Installing Gnome Shell Extensions:

Let us install the extensions package:

sudo apt install gnome-shell-extensions
 Reading package lists… Done
 Building dependency tree       
 Reading state information… Done
 The following NEW packages will be installed
   gnome-shell-extensions
 0 to upgrade, 1 to newly install, 0 to remove and 0 not to upgrade.
 Need to get 154 kB of archives.
 After this operation, 1.158 kB of additional disk space will be used.
 Get:1 http://dk.archive.ubuntu.com/ubuntu groovy/universe amd64 gnome-shell-extensions all 3.38.1-1 [154 kB]
 Fetched 154 kB in 0s (861 kB/s)                
 Selecting previously unselected package gnome-shell-extensions.
 (Reading database … 189456 files and directories currently installed.)
 Preparing to unpack …/gnome-shell-extensions_3.38.1-1_all.deb …
 Unpacking gnome-shell-extensions (3.38.1-1) …
 Setting up gnome-shell-extensions (3.38.1-1) …
 Processing triggers for libglib2.0-0:amd64 (2.66.1-2) …

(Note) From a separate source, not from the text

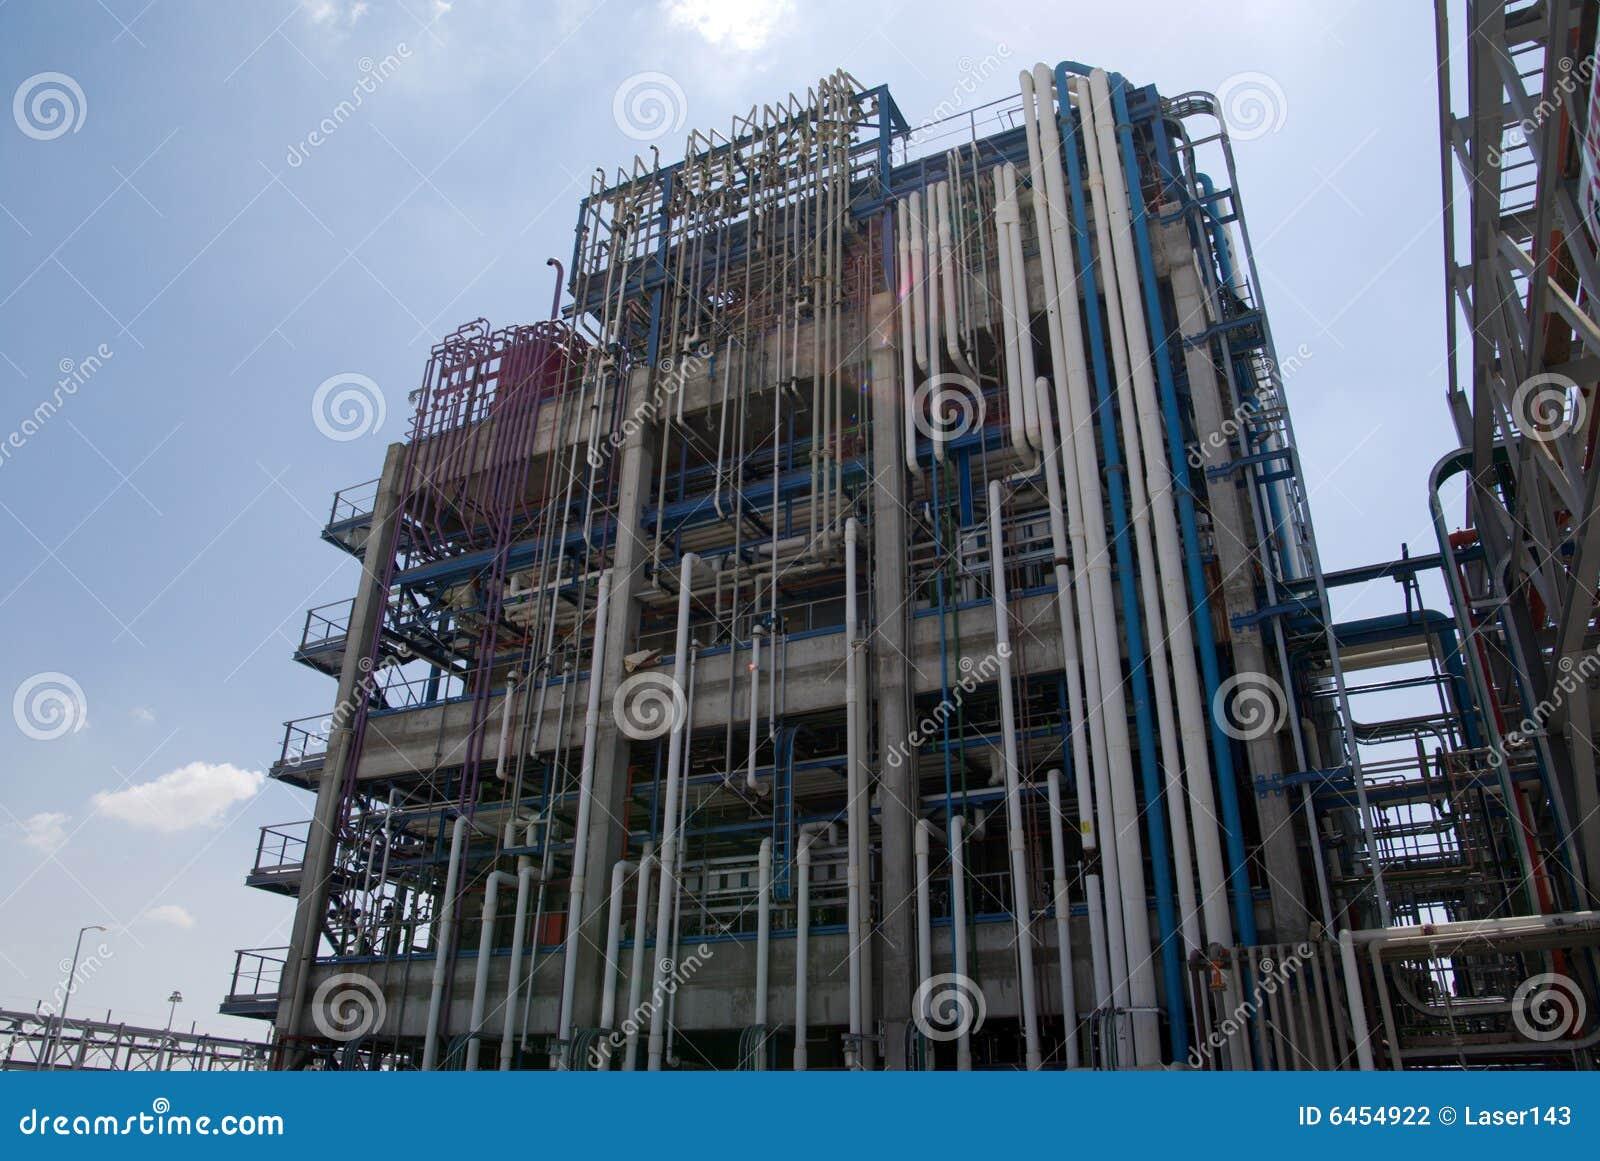 Zakład produkcyjny chemicznego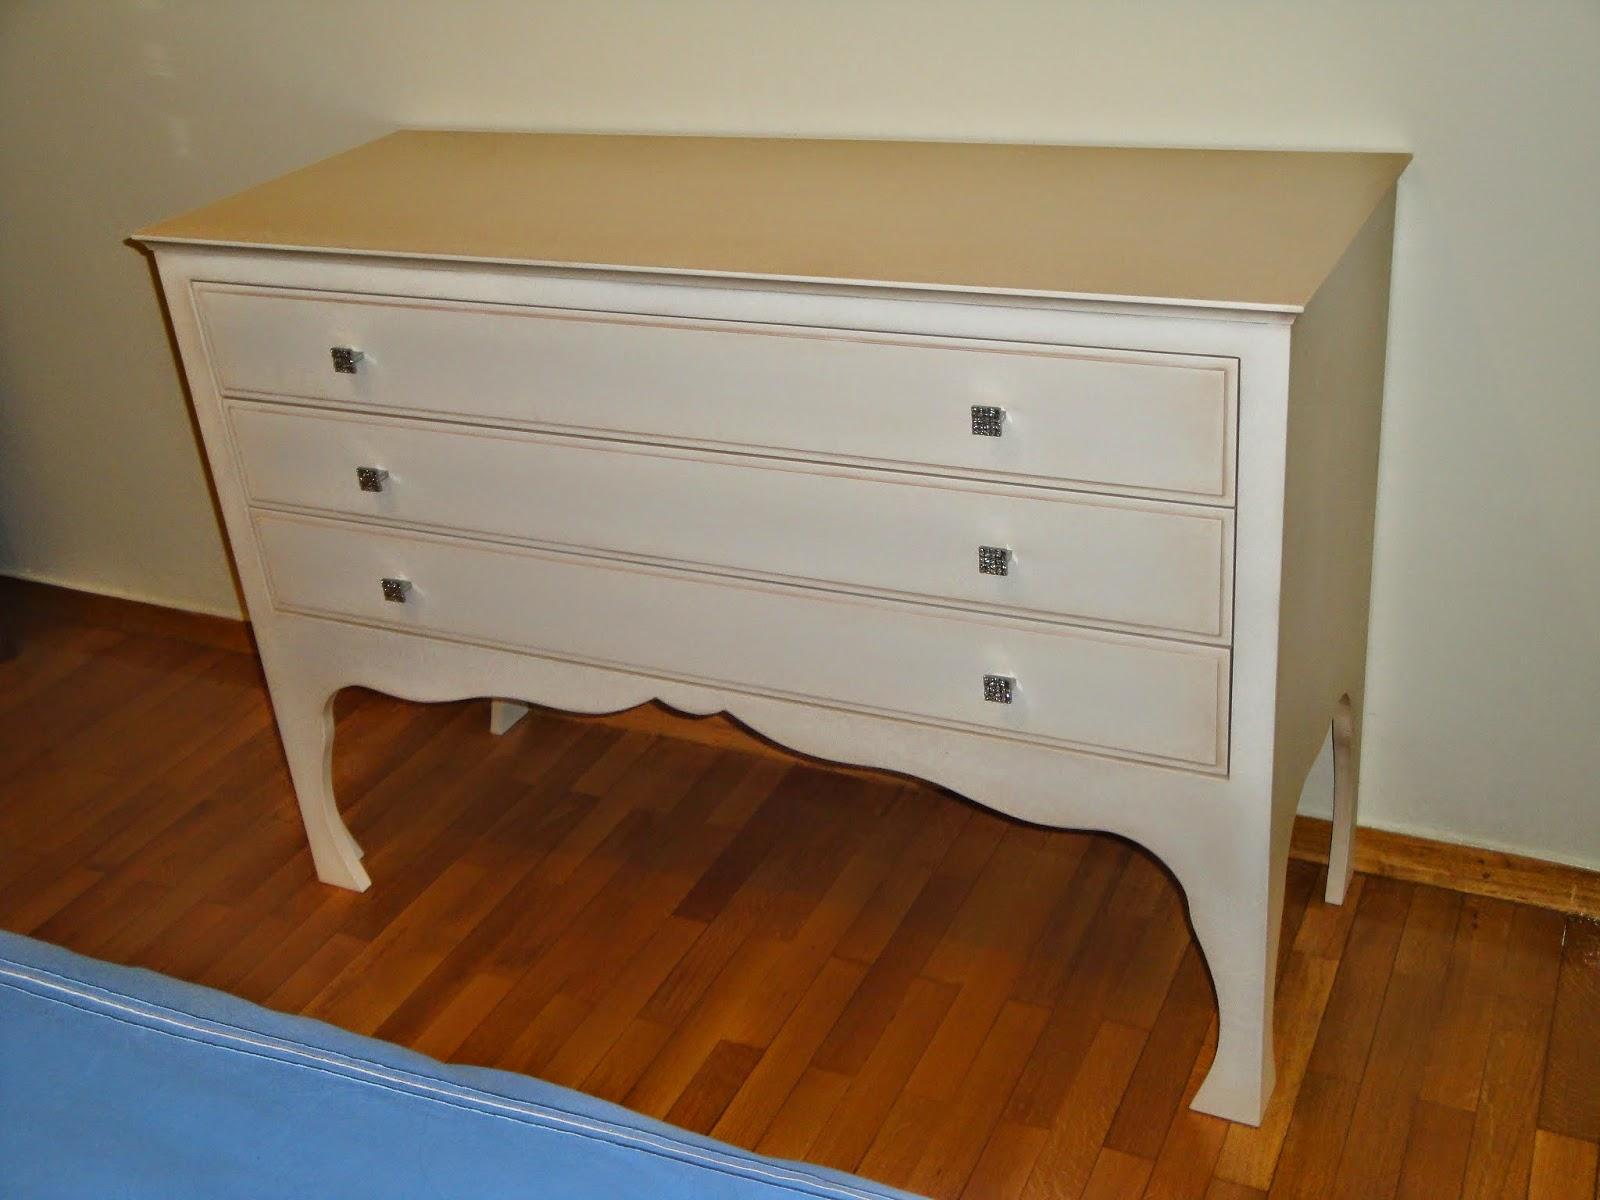 (Κωδ: 1016) Έπιπλο-συρταριέρα για κρεβατοκάμαρα με βαφή πατίνα και ρομαντικό ύφος.

In order to install and manage our extensions we need to open the FireFox browser and navigate to https://extensions.gnome.org:

Before we can install and manage extensions in FireFox, we need to add the browser add-on. Click the link in the light blue box and allow the browser add-on to be installed and run.

I am going to install the following extensions:

Workspaces is a feature of Gnome-Shell that enables you to have multiple desktop workspaces at the same time, where you can organise the applications you are running and thus keep your desktop clutter-free.